**RECORDED DATA:**
§
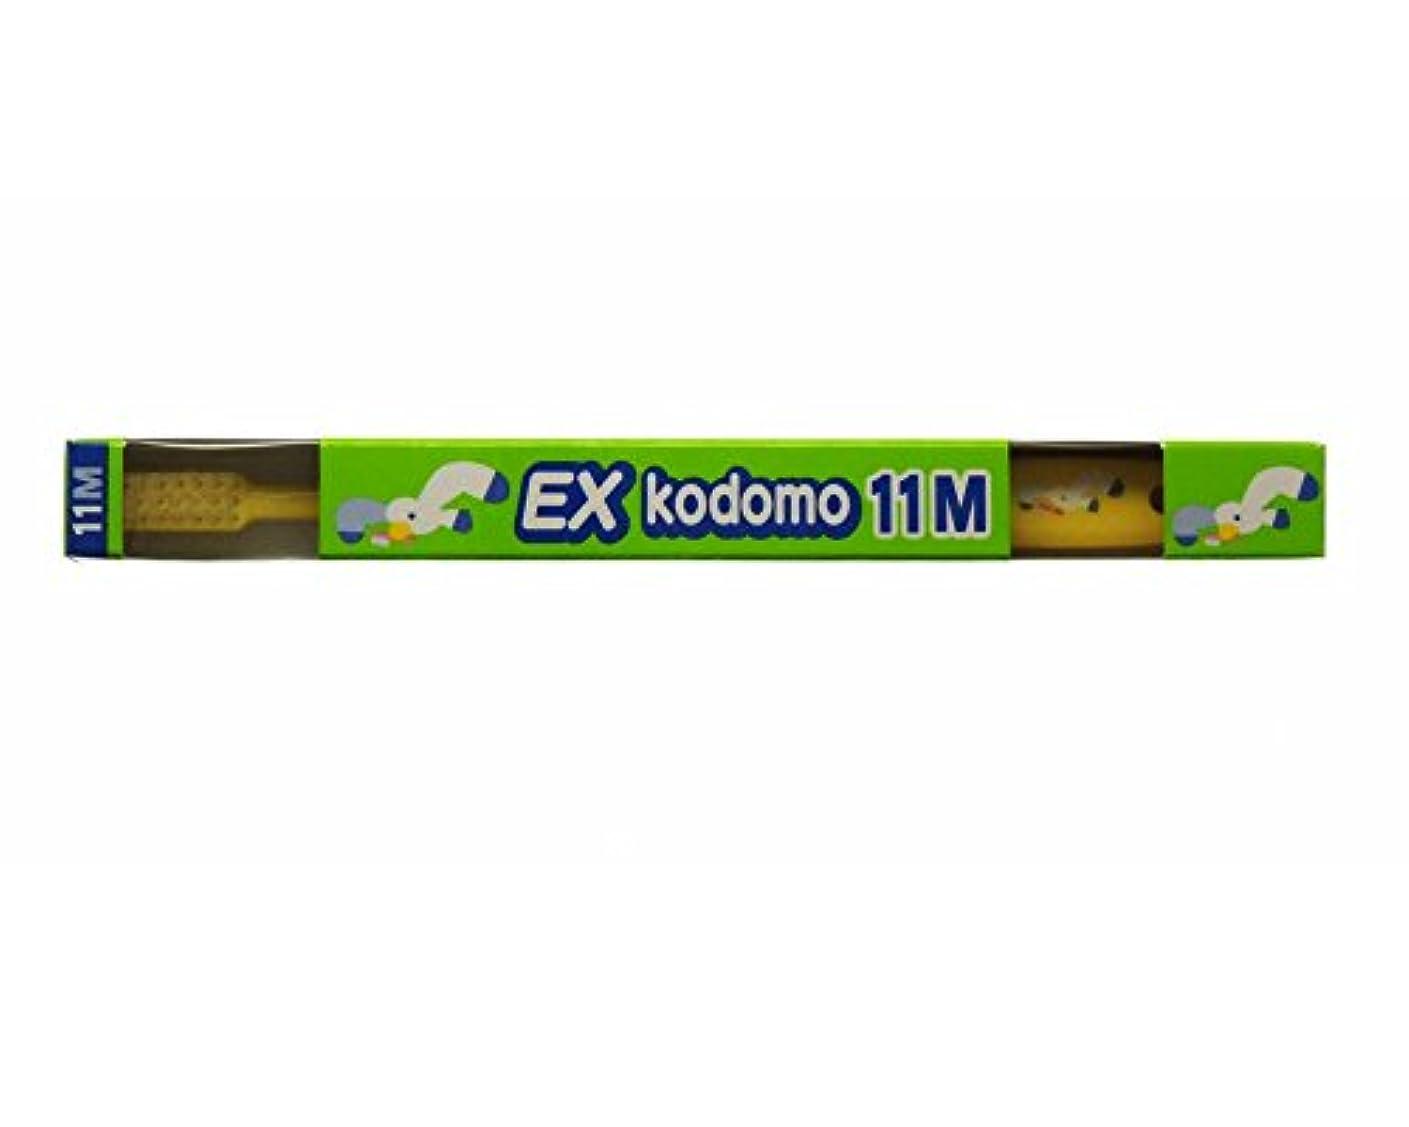 男らしさ農奴ぐるぐるDENT.EX kodomo/11M イエロー (混合歯列後期用?8?12歳)
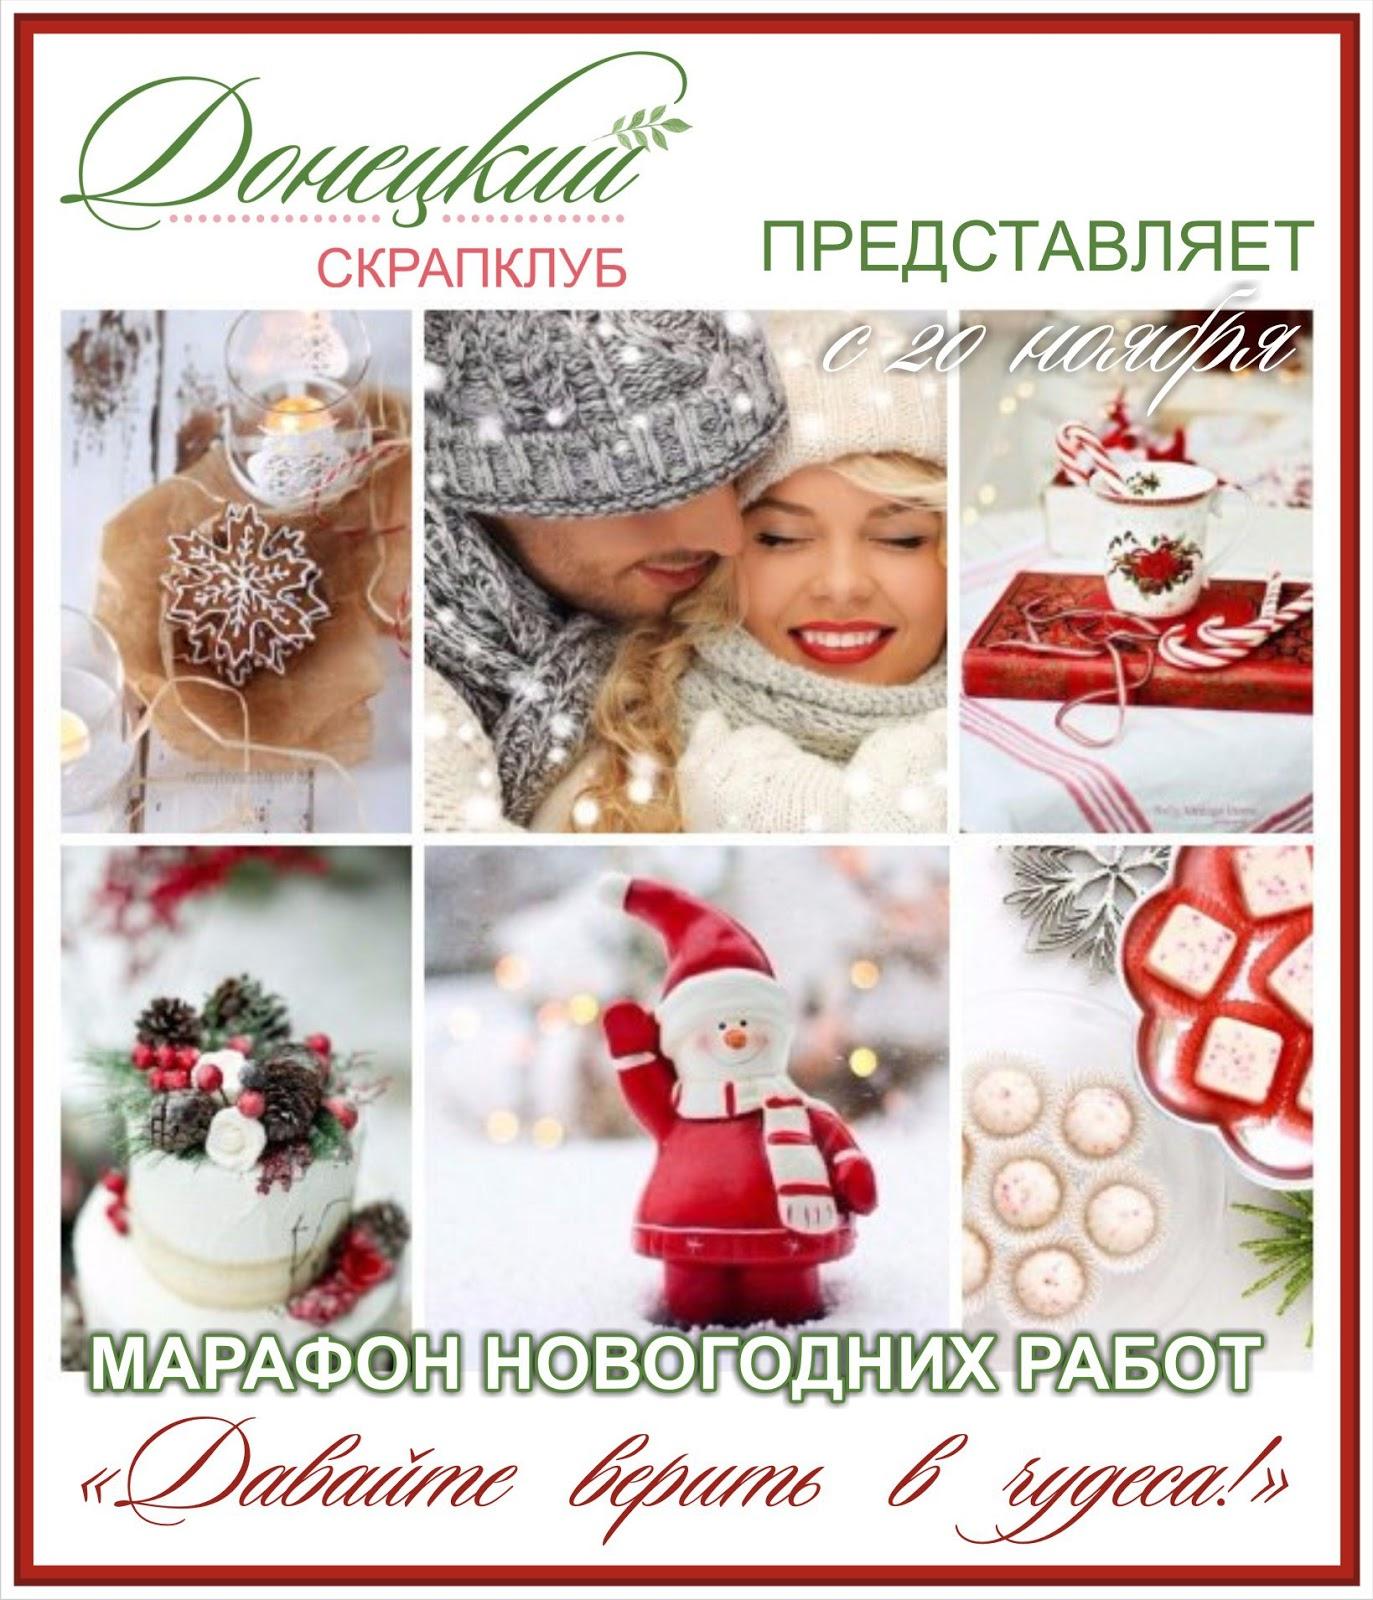 """Марафон новогодних работ """"Давайте верить в чудеса!"""""""
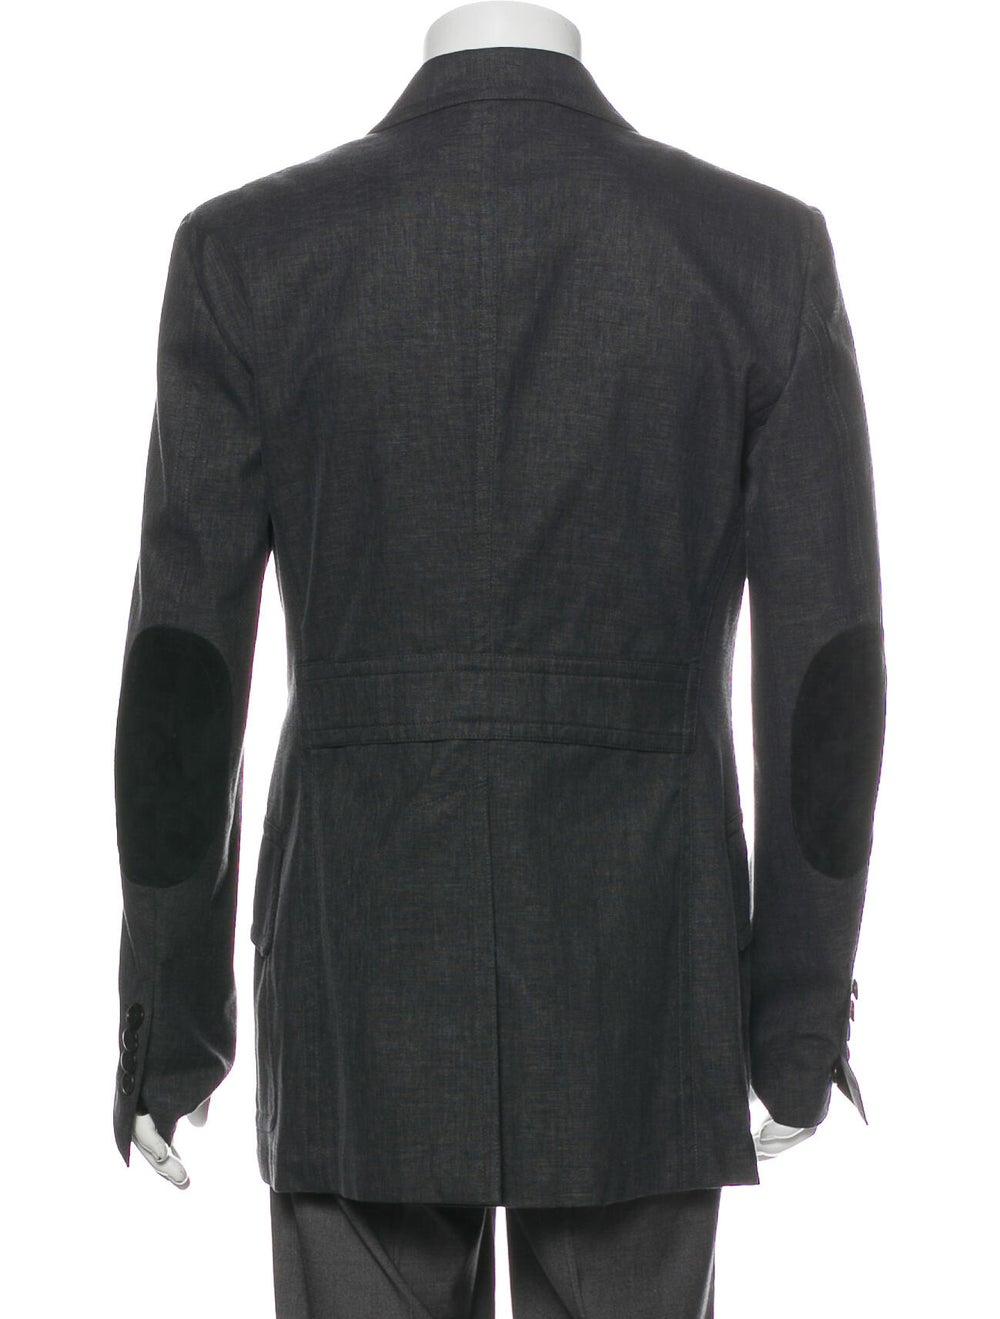 Tom Ford Linen Jacket Grey - image 3
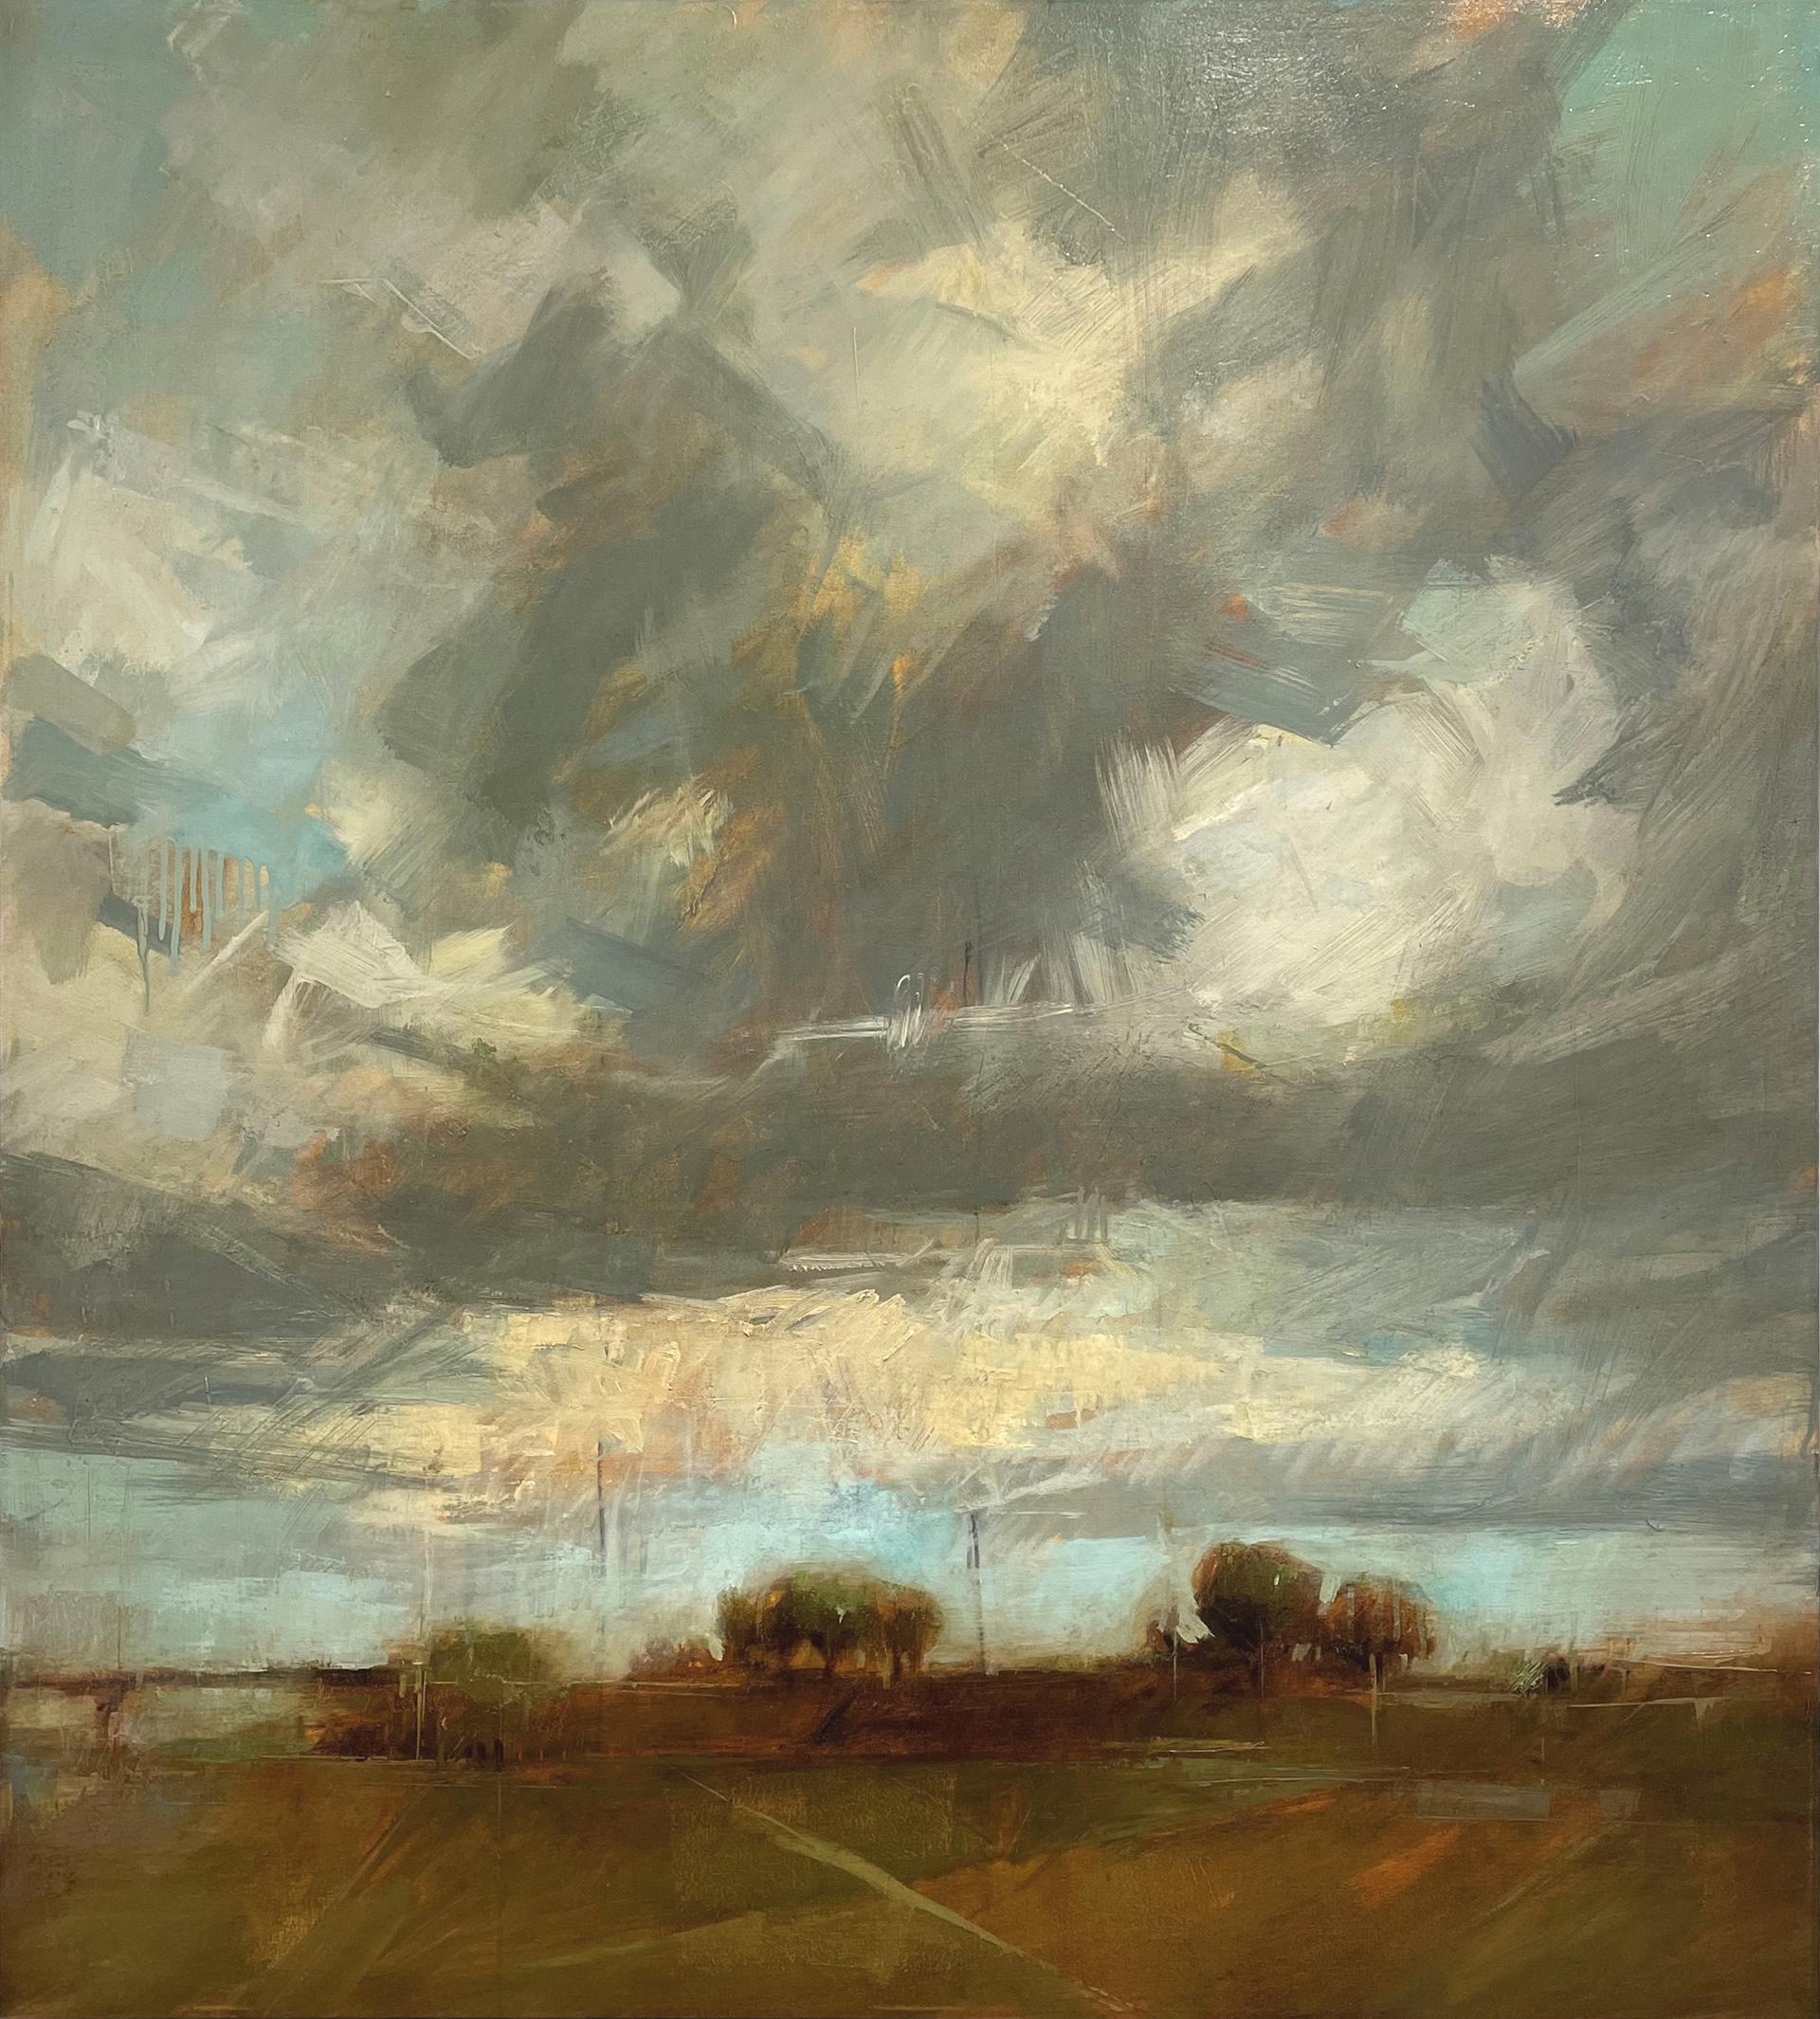 David-Edwards-Breathe-2-40x36-4100-Online-Art-Galleries
§
**WHAT TO WORK ON:** Please repeat the data above exactly as it appears, pictures excluded.

**SOLUTION FOR THIS EXERCISE:**
 男らしさ農奴ぐるぐるDENT.EX kodomo/11M イエロー (混合歯列後期用?8?12歳)
 """Марафон новогодних работ """"Давайте верить в чудеса!"""""""
 Tom Ford Linen Jacket Grey - image 3
 David-Edwards-Breathe-2-40x36-4100-Online-Art-Galleries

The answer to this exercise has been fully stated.